*SUPPLIED DATA*
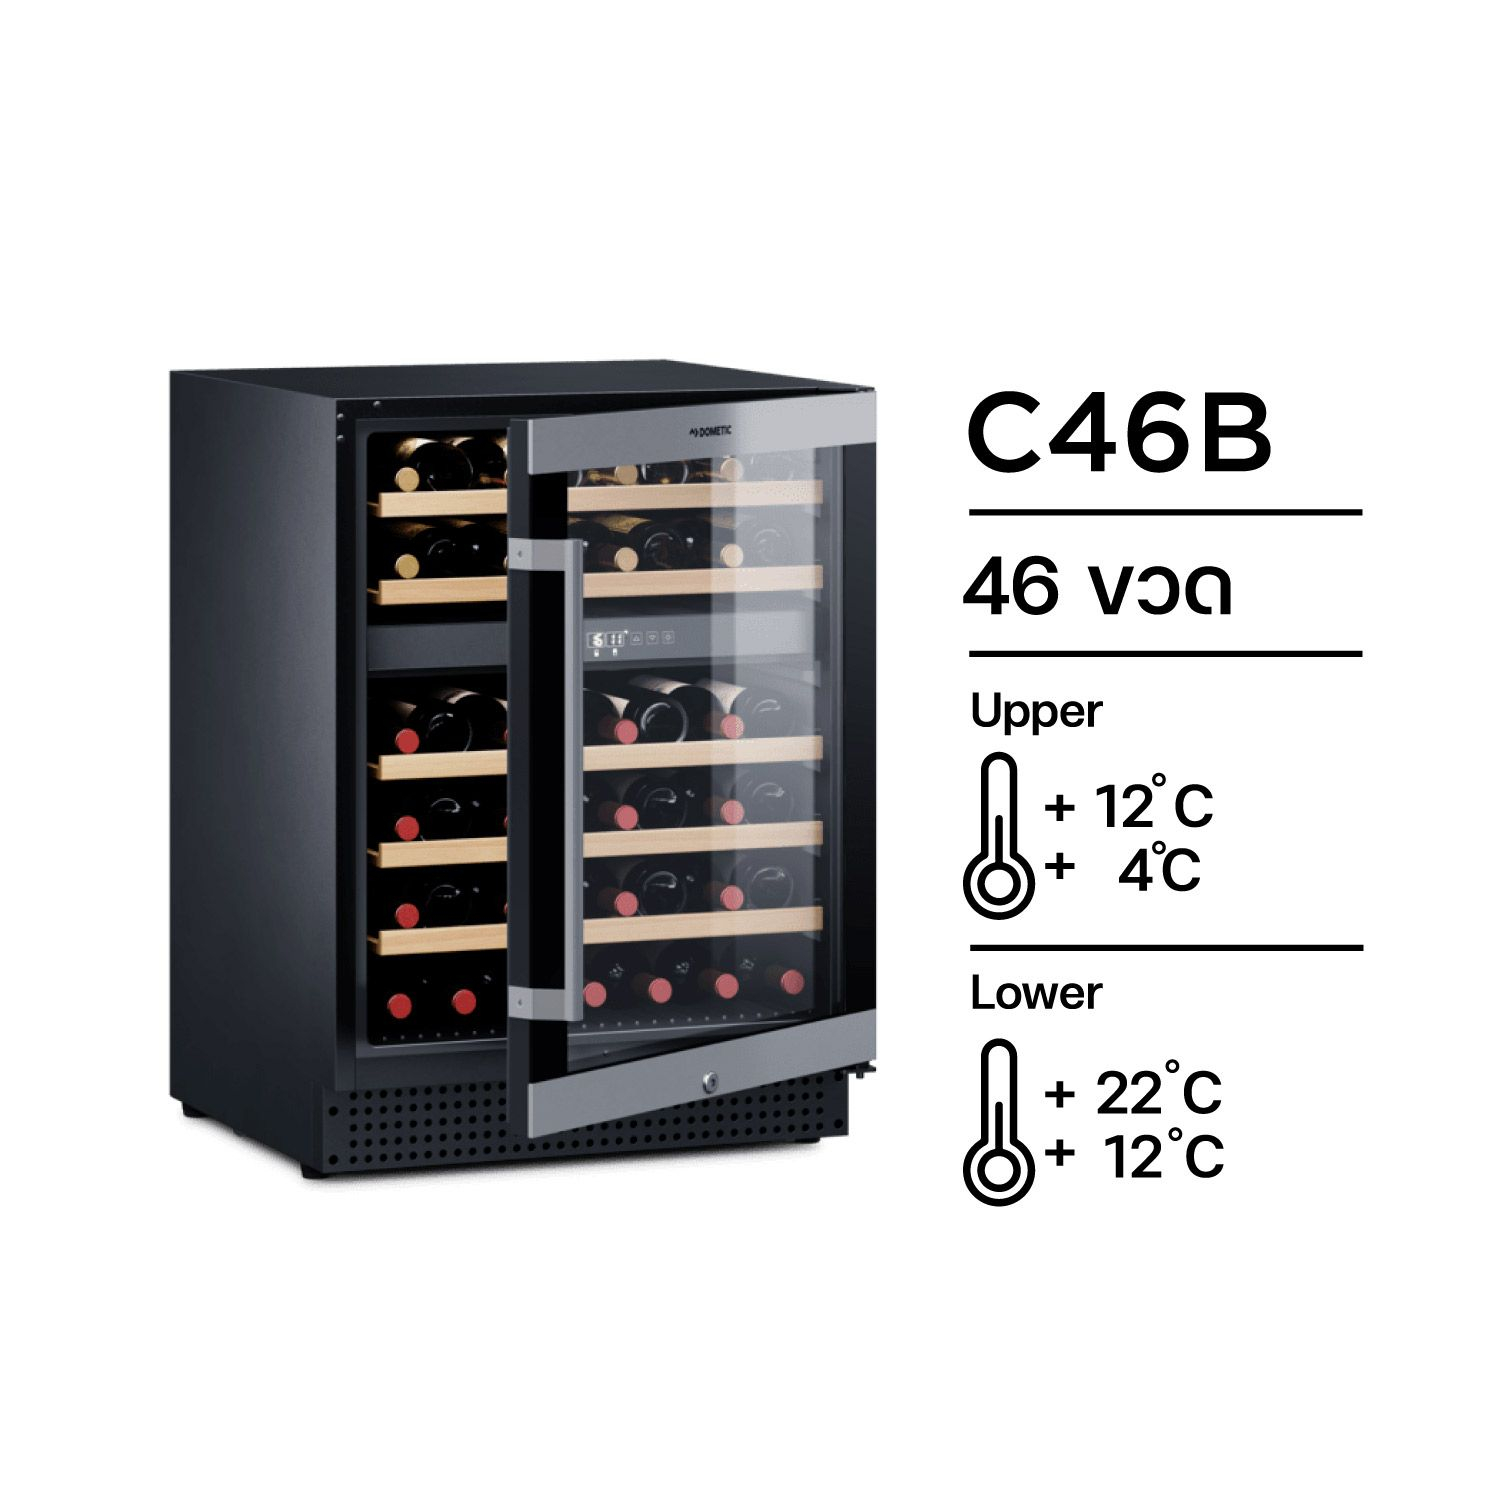 ฟรีค่าส่งDOMETIC C46B ตู้แช่ไวน์ 46 ขวด ตู้แช่ไวน์ระดับ Luxury Wine Cellar ขนาด 46 ขวด จากประเทศสวีเดน
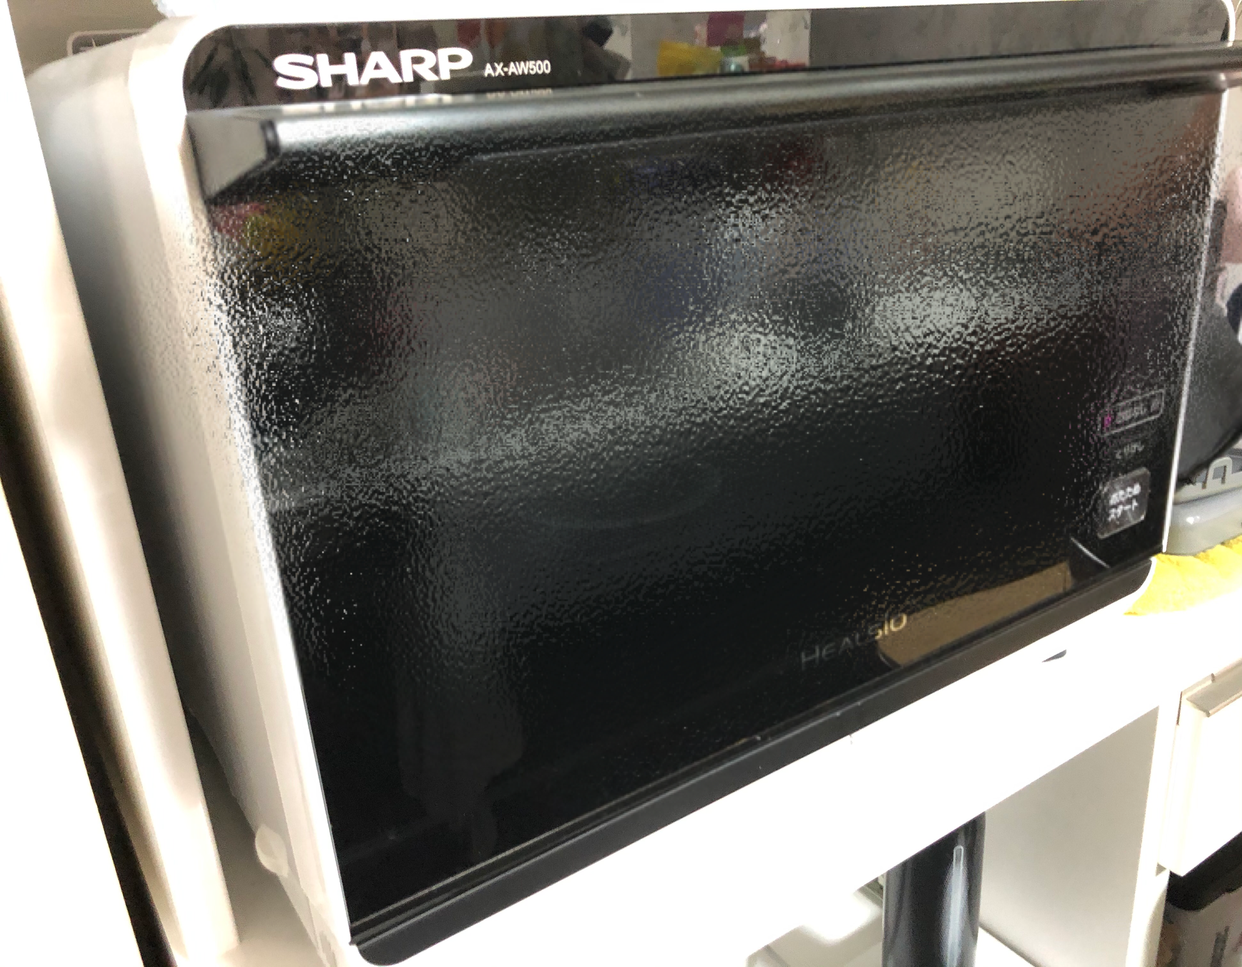 SHARP(シャープ) ウォーターオーブン ヘルシオ AX-AW500に関するみこしばさんの口コミ画像1
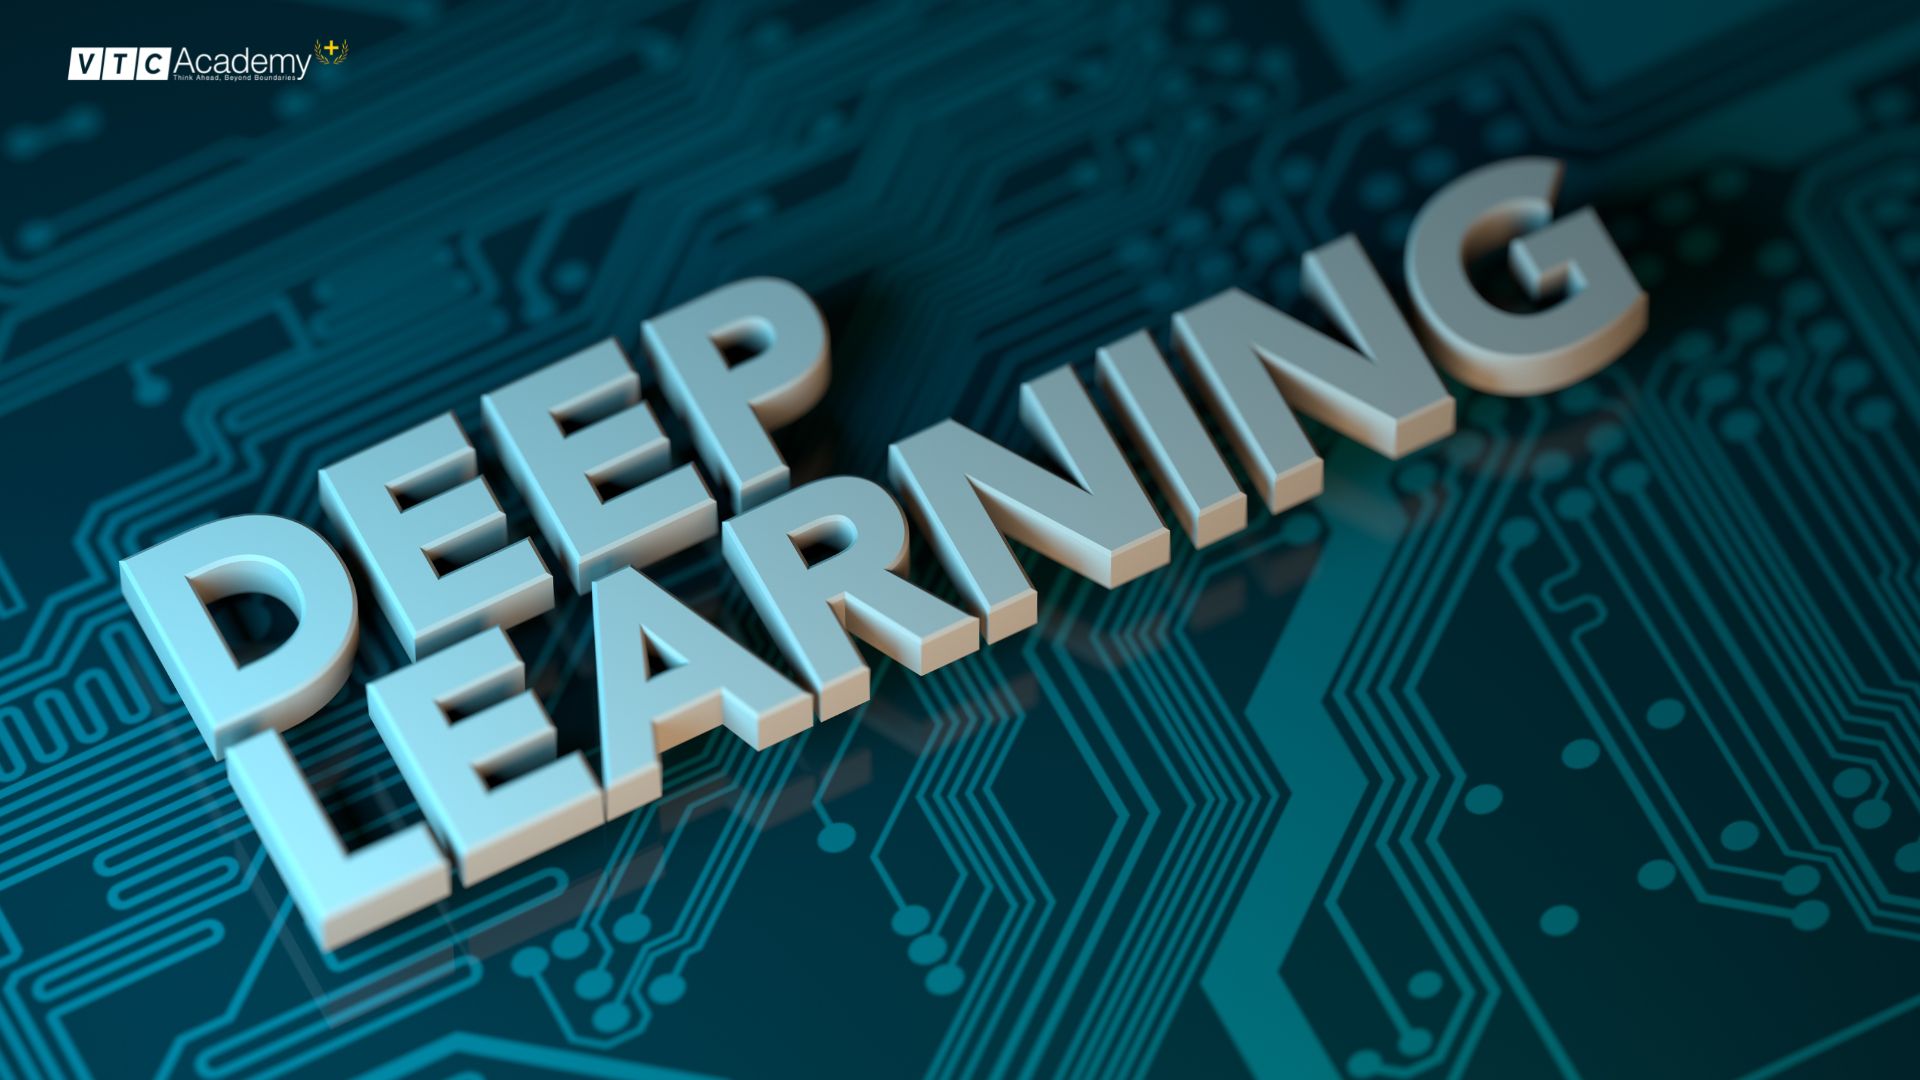 Deep Learning là gì

*INSTRUCTIONS TO FOLLOW*
What is needed is a word-for-word restatement of the lines from the one holding "SHARP(シャープ) ウォーターオーブン ヘルシオ" to the final line of the data above, inclusive, without any pictures.

*RESULT OF THIS TASK*
 SHARP(シャープ) ウォーターオーブン ヘルシオ AX-AW500に関するみこしばさんの口コミ画像1
 Deep Learning là gì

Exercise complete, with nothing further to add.